━━━ Data excerpt

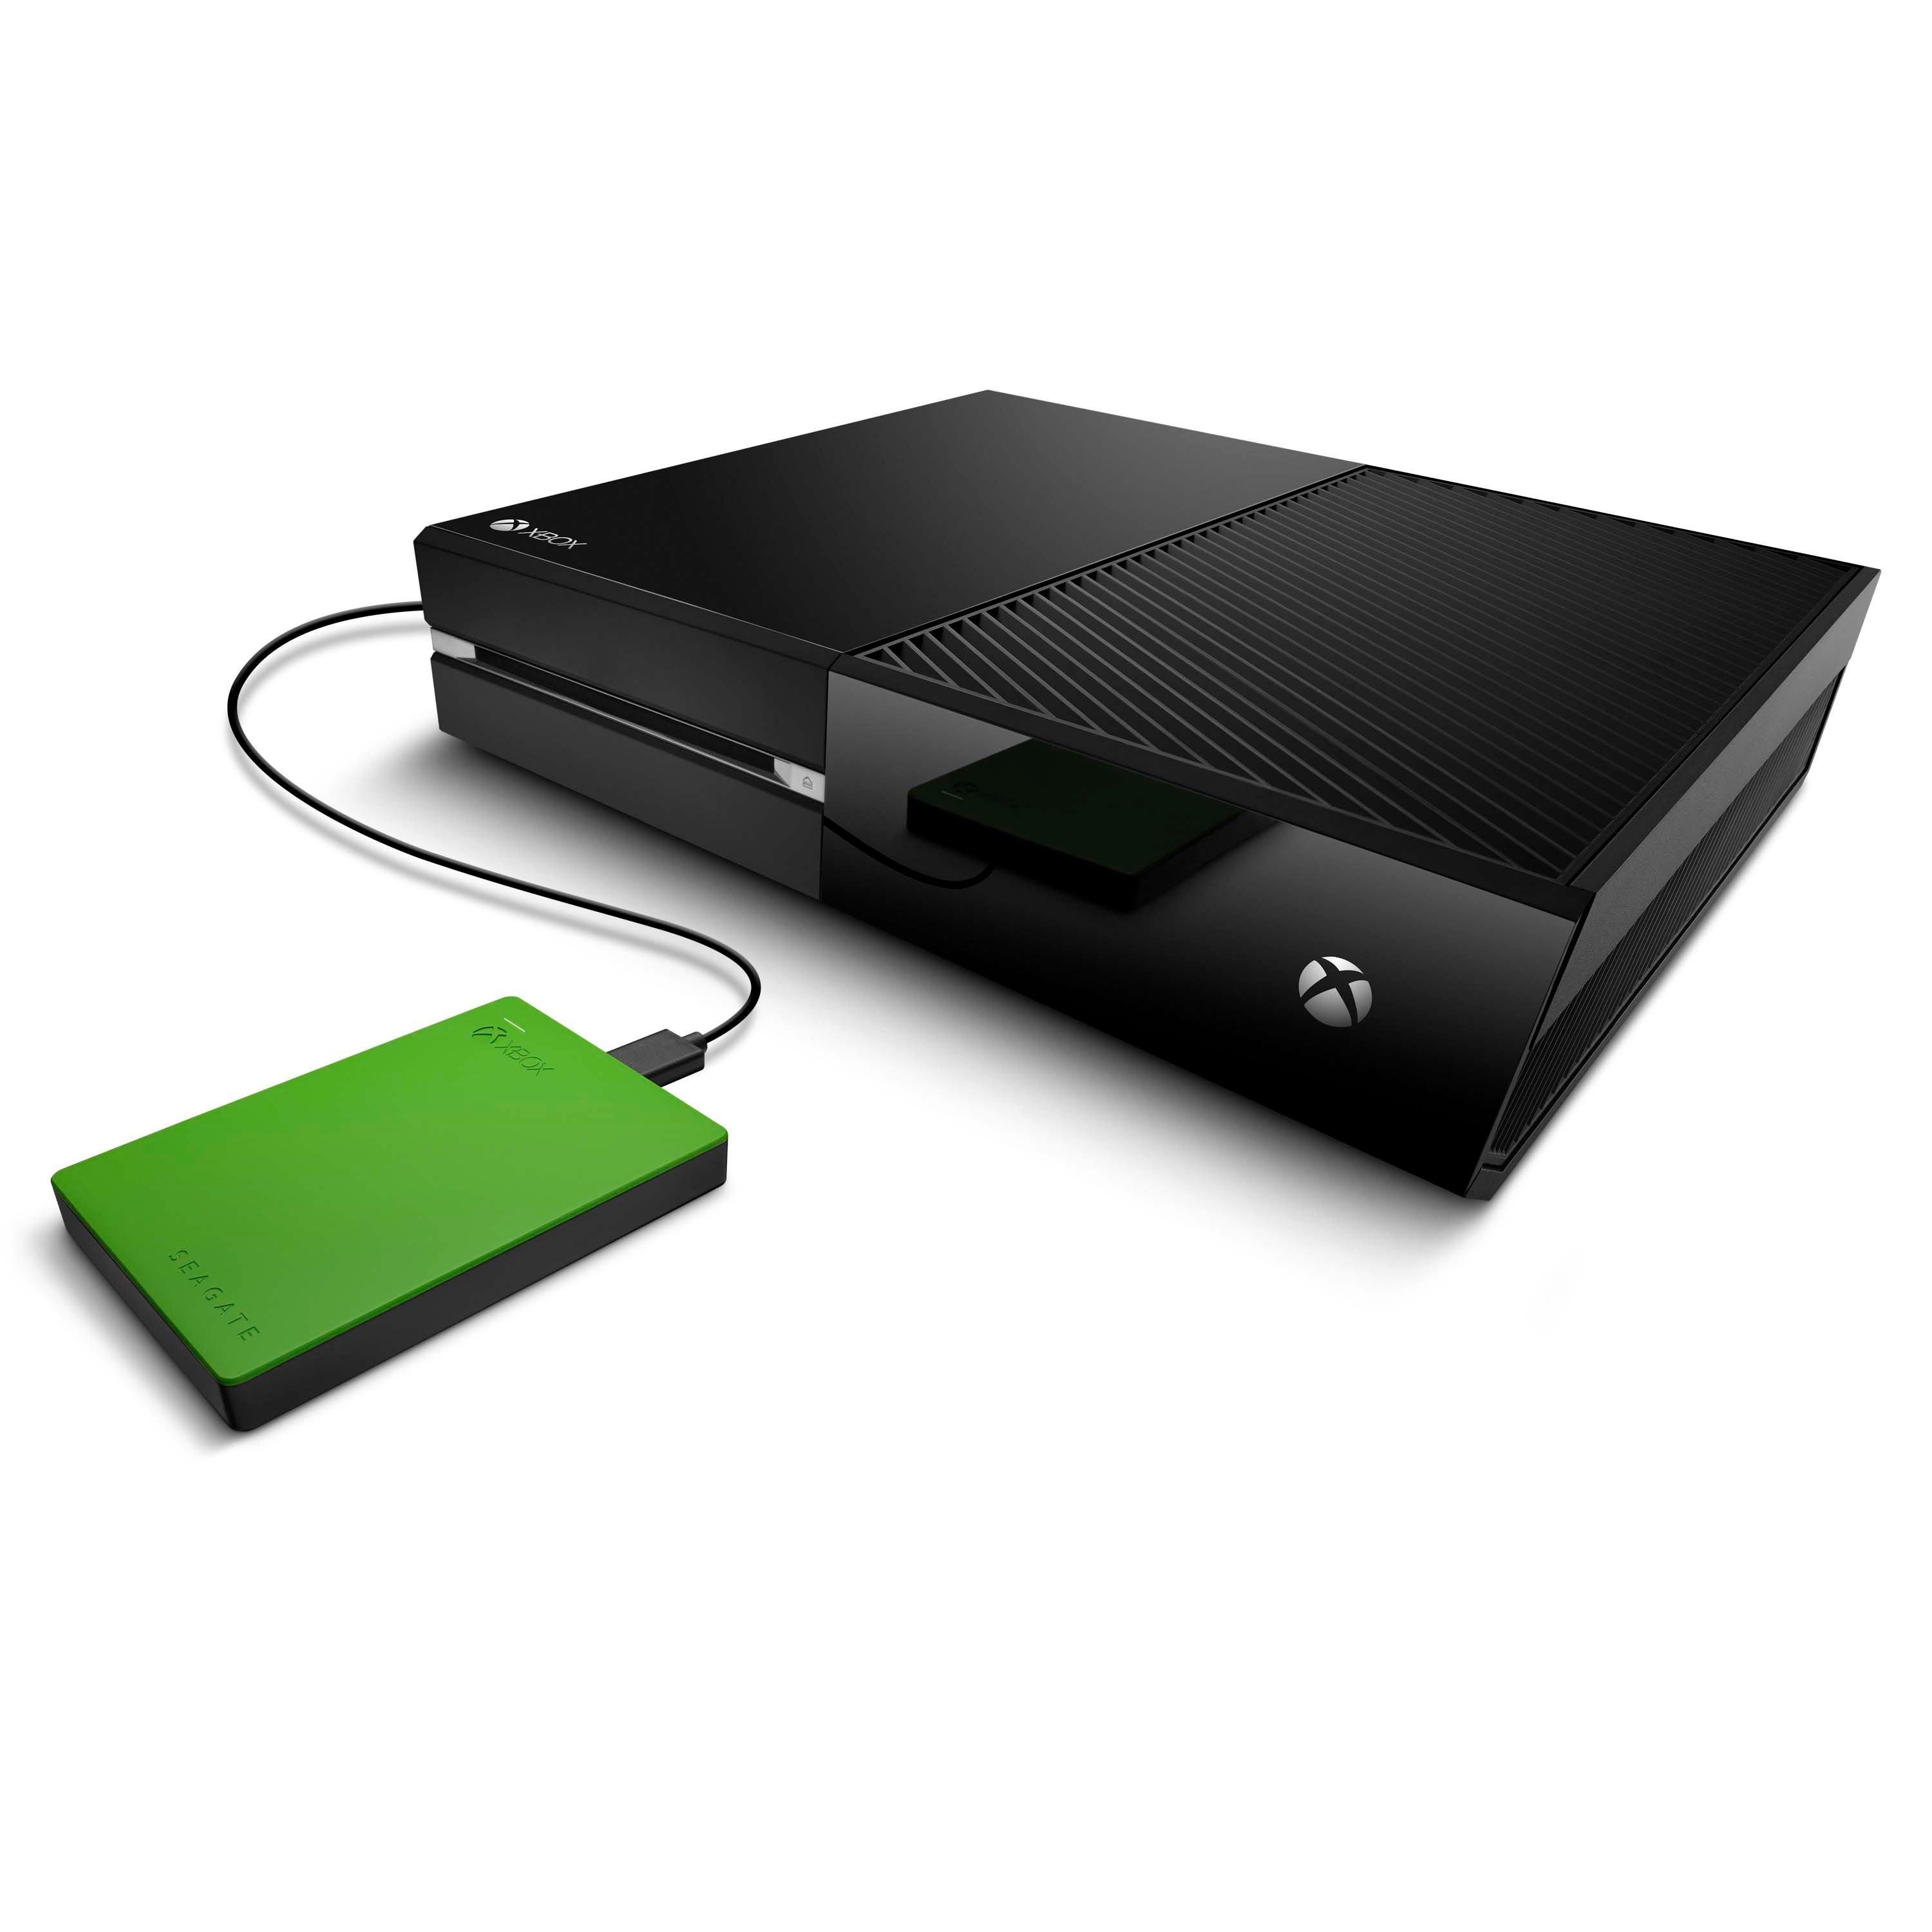 Seagate 2TB External Game Drive for PlayStation | GameStop
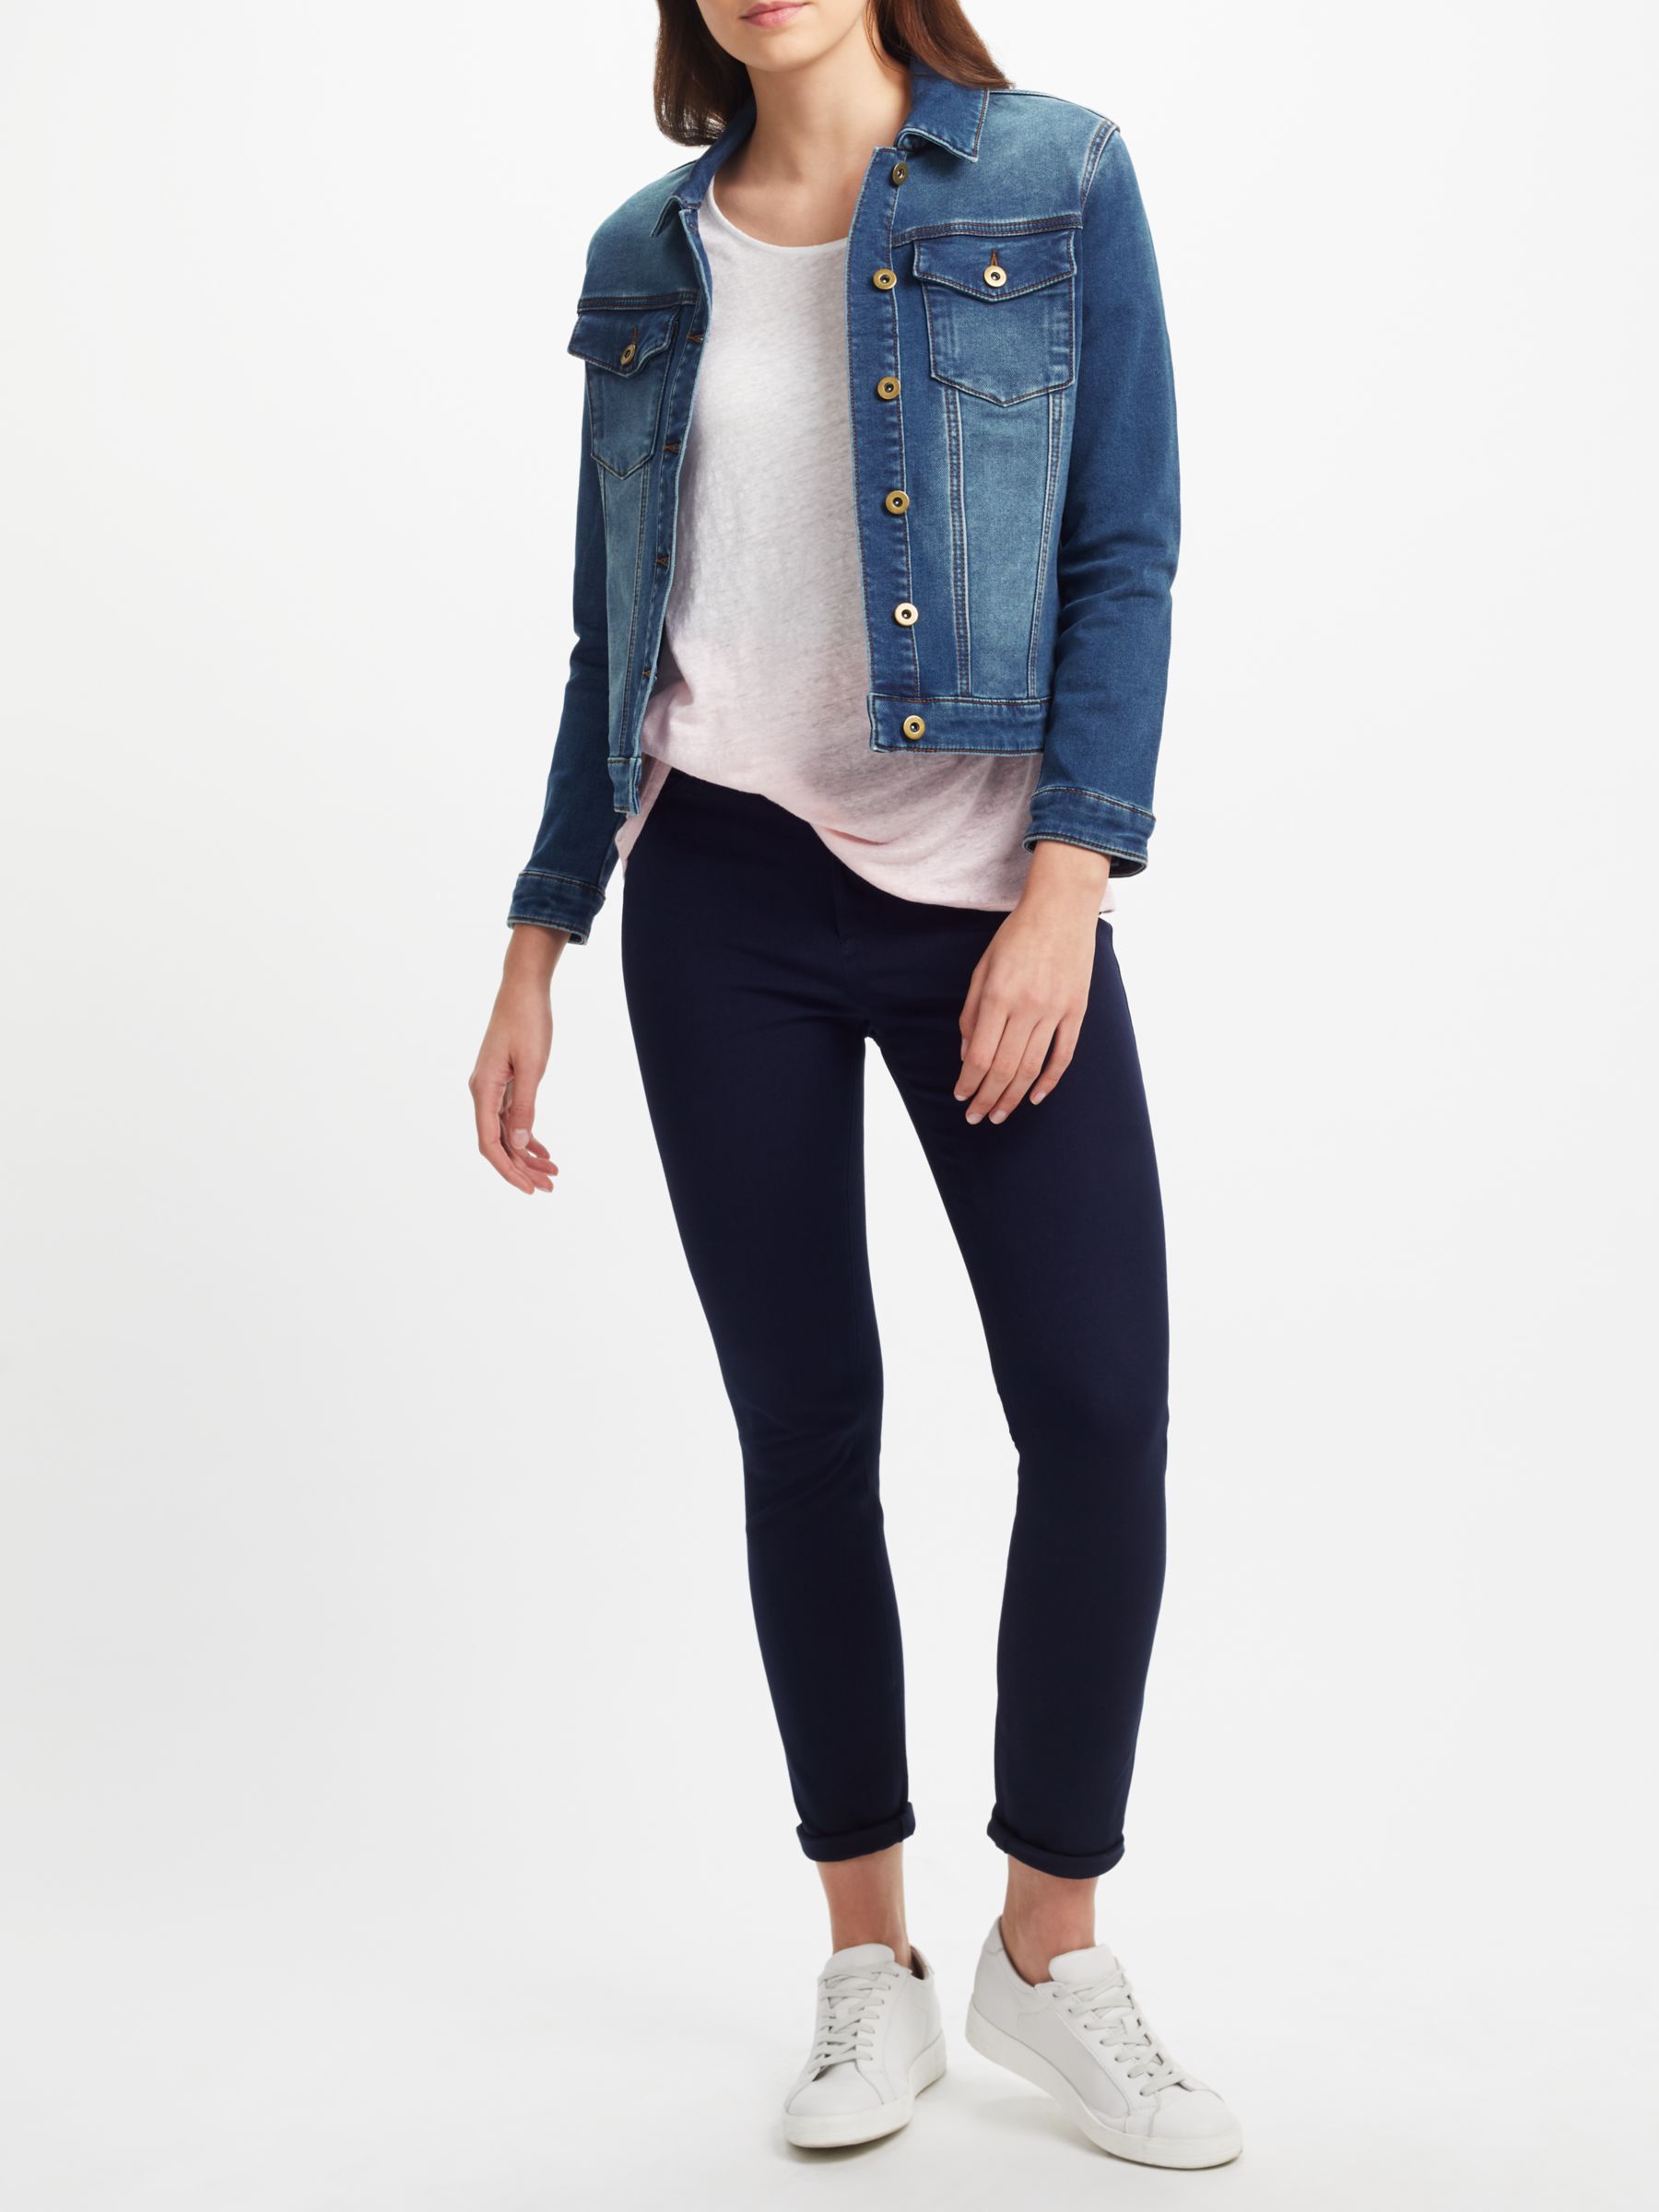 Collection WEEKEND by John Lewis Stretch Denim Jacket, Mid Wash
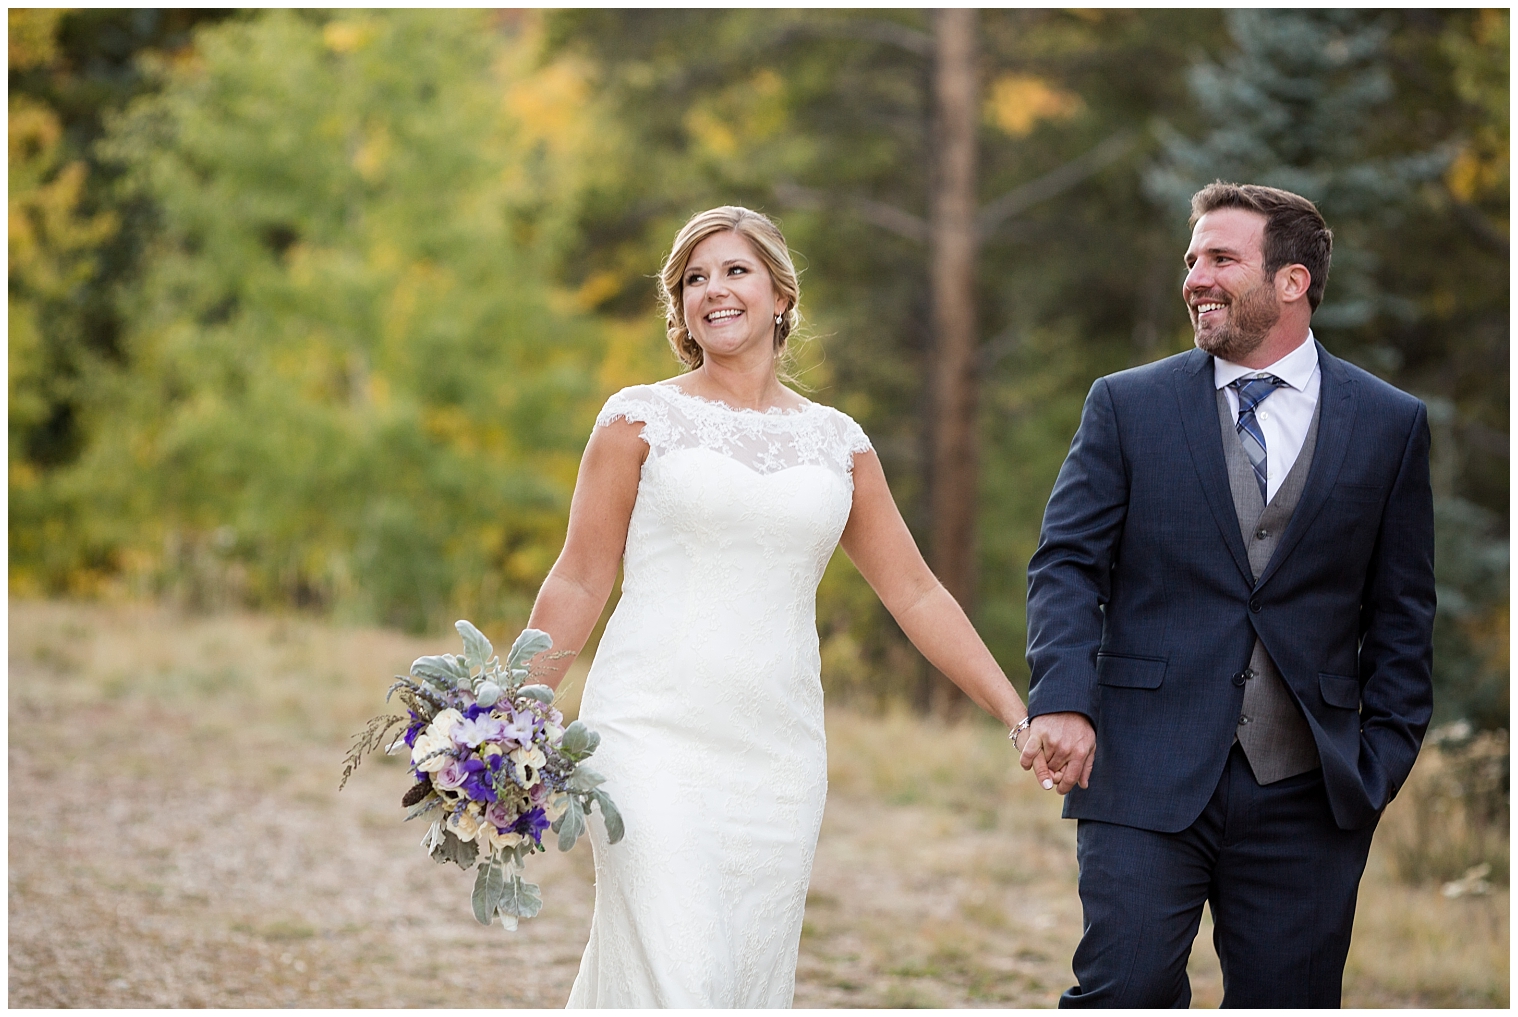 During portraits at their Breckenridge wedding, the wedding couple walk together hand in hand.

━━━━━━

Begin at the line containing "Collection WEEKEND by" and restate exactly every line through the end of the material, skipping the pictures.

• [Task answer]
 Collection WEEKEND by John Lewis Stretch Denim Jacket, Mid Wash
 During portraits at their Breckenridge wedding, the wedding couple walk together hand in hand.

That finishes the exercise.